1. A thermal module system for LED headlamp module, comprising:

a LED module mounted in a headlamp of a car;

at least one heat sink module having a plurality of fins, said heat sink module being arranged on the car in an air passage, through which airflow passes; and

at least one heat conductive element being connected at two ends to said LED module and said heat sink module, so that heat produced by said LED module is transmitted via said heat conductive element to said heat sink module.

2. The thermal module system for LED headlamp module as claimed in claim 1, wherein said LED module includes a panel and a plurality of light emitting diodes (LEDs) mounted on said panel.

3. The thermal module system for LED headlamp module as claimed in claim 1, wherein said air passage is located behind a front bumper of said car.

4. The thermal module system for LED headlamp module as claimed in claim 3, wherein said air passage has a vent provided on said front bumper.
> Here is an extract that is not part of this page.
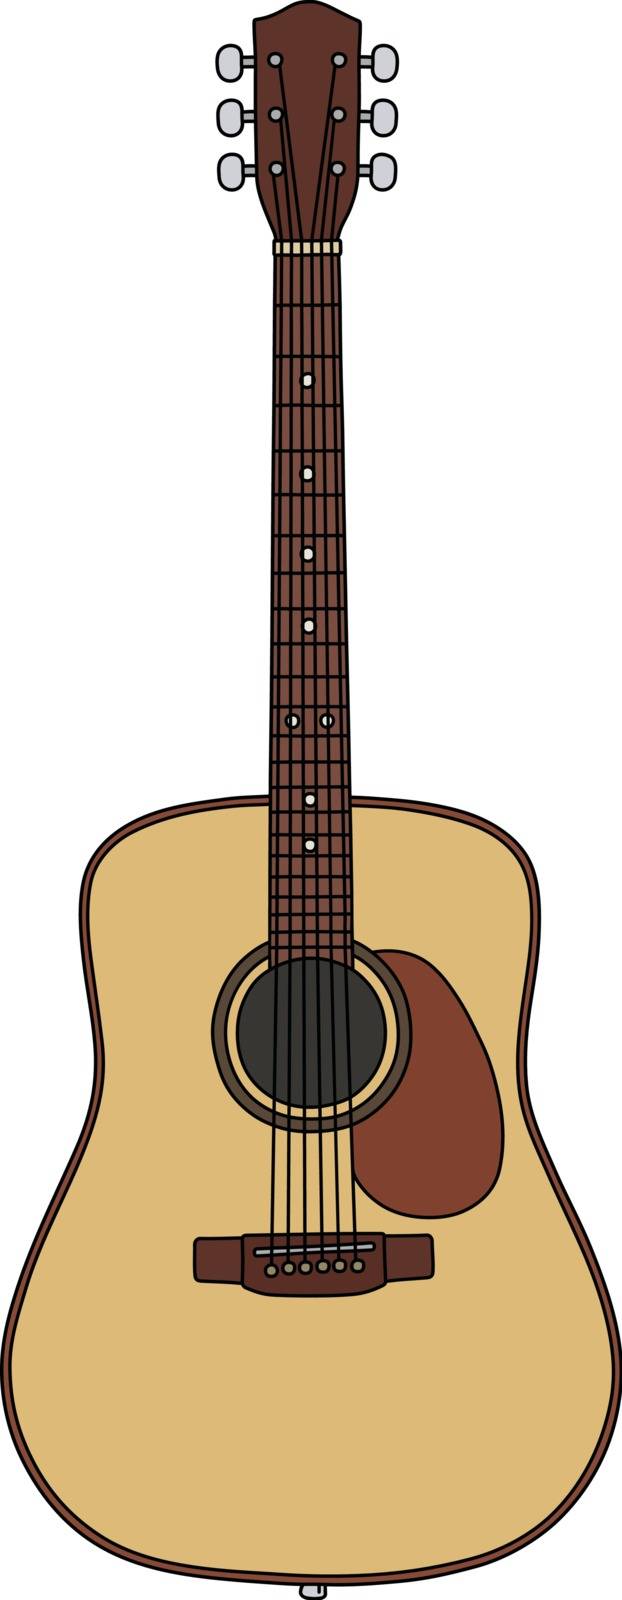 The classic accoustic guitar by vostal

5. The thermal module system for LED headlamp module as claimed in claim 1, wherein said air passage is located at an inner side of the front fender of said car.
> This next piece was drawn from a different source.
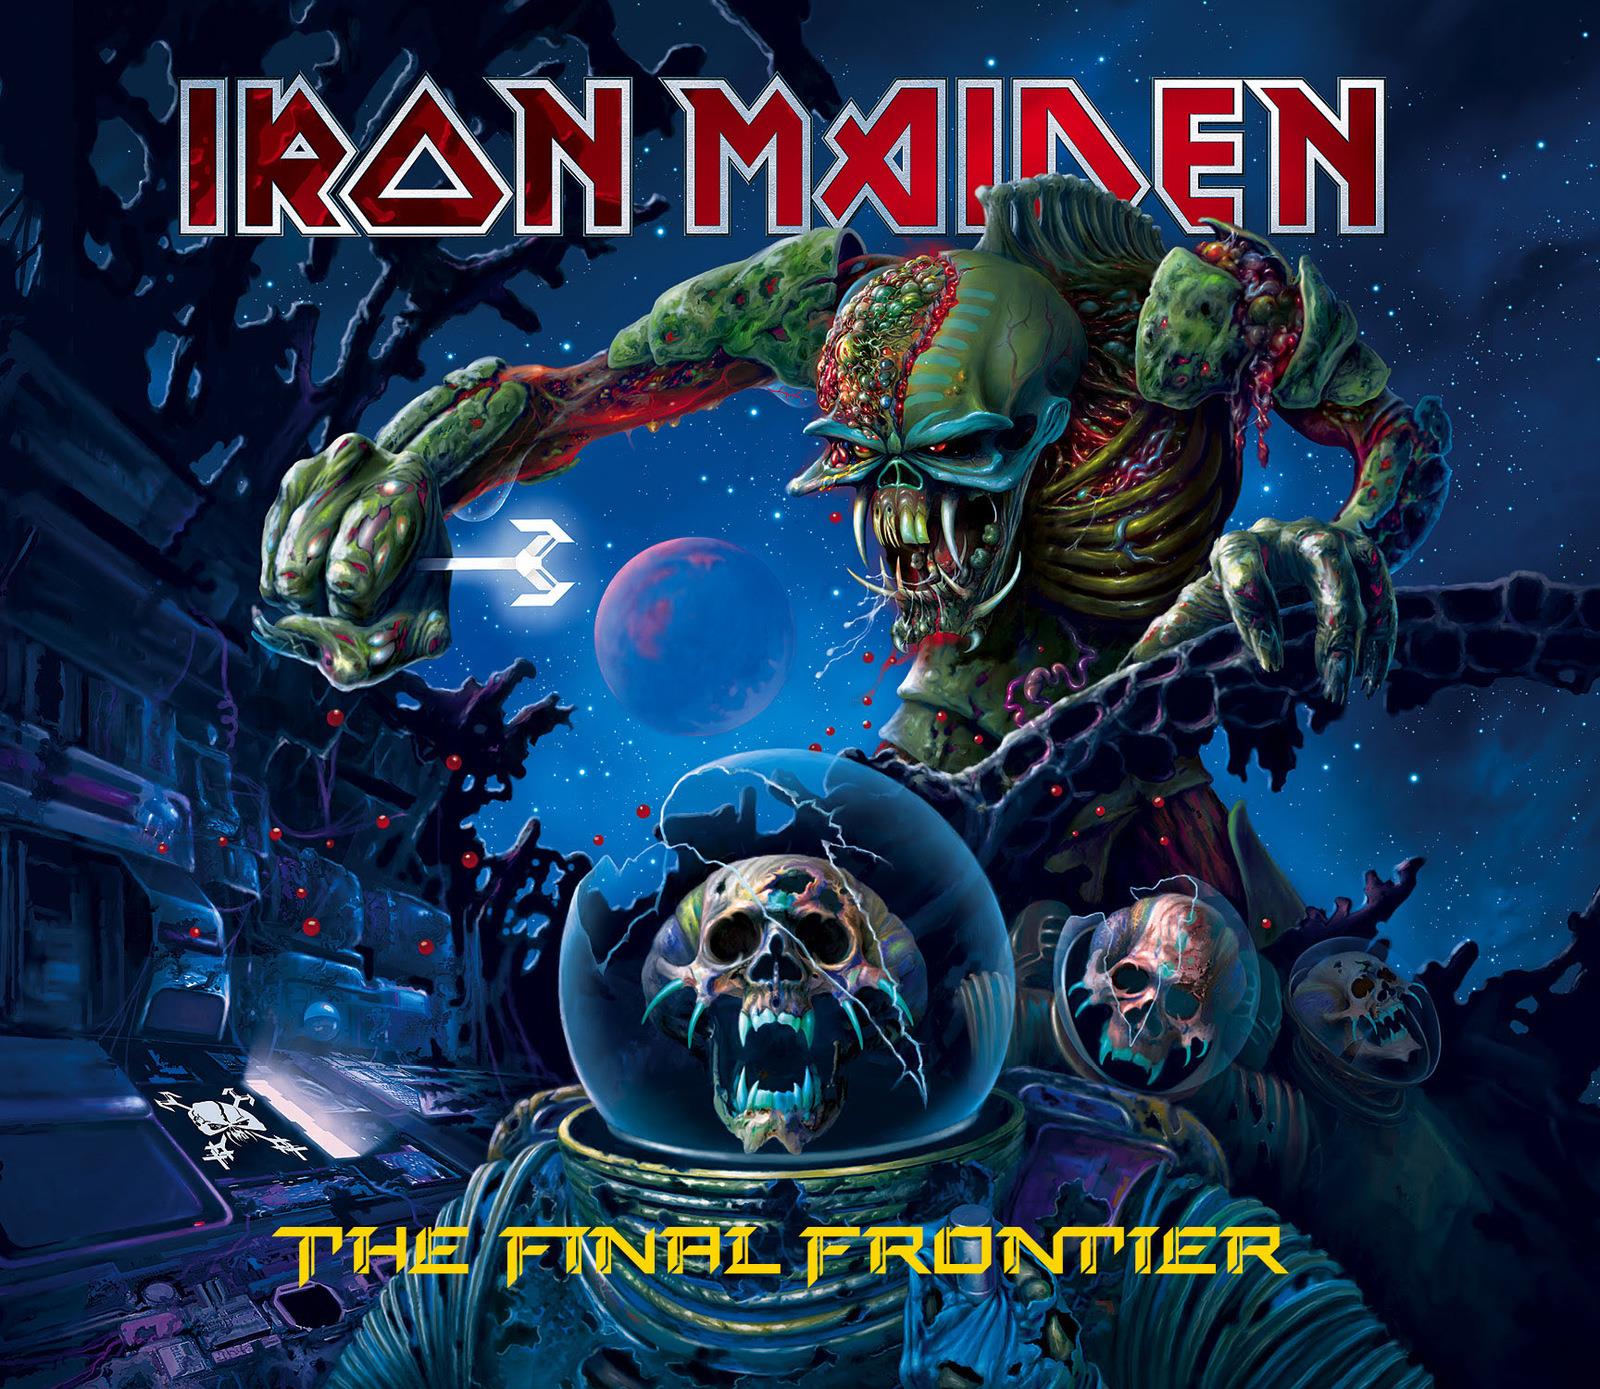 The Final Frontier (Digipak) by Iron Maiden (CD)

6. The thermal module system for LED headlamp module as claimed in claim 5, wherein said air passage has a vent provided on said front fender of said car.

7. The thermal module system for LED headlamp module as claimed in claim 1, wherein said air passage is located at a radiator side of said car.

8. The thermal module system for LED headlamp module as claimed in claim 1, further comprising a heat insulating material provided around said LED module and said heat sink module, such that said LED module and said heat sink module are isolated from a high-temperature engine compartment of said car while heat produced by said LED module is dissipated via said heat sink module.

9. The thermal module system for LED headlamp module as claimed in claim 8, wherein said insulating material is also provided around said air passage.

10. The thermal module system for LED headlamp module as claimed in claim 1, further comprising a fan located in the vicinity of said heat sink module to enhance the thermal performance of said heat sink module.

11. The thermal module system for LED headlamp module as claimed in claim 1, wherein said heat conductive element is a heat pipe.

12. The thermal module system for LED headlamp module as claimed in claim 1, further comprising a water sprayer, water pipes, a water reservoir, and a pump; said water sprayer being connected to said pump via one of said water pipes, and said water reservoir being connected to said pump via another said water pipe.

13. The thermal module system for LED headlamp module as claimed in claim 12, wherein said water reservoir is built in said car.

14. The thermal module system for LED headlamp module as claimed in claim 1, wherein said plurality of fins are selected from the group consisting of stacked fins, tunnel-type fins, thinned fins, and extruded aluminum fins.

15. The thermal module system for LED headlamp module as claimed in claim 5, wherein said air passage utilizes a gap on said car around said front fender of said car as a vent.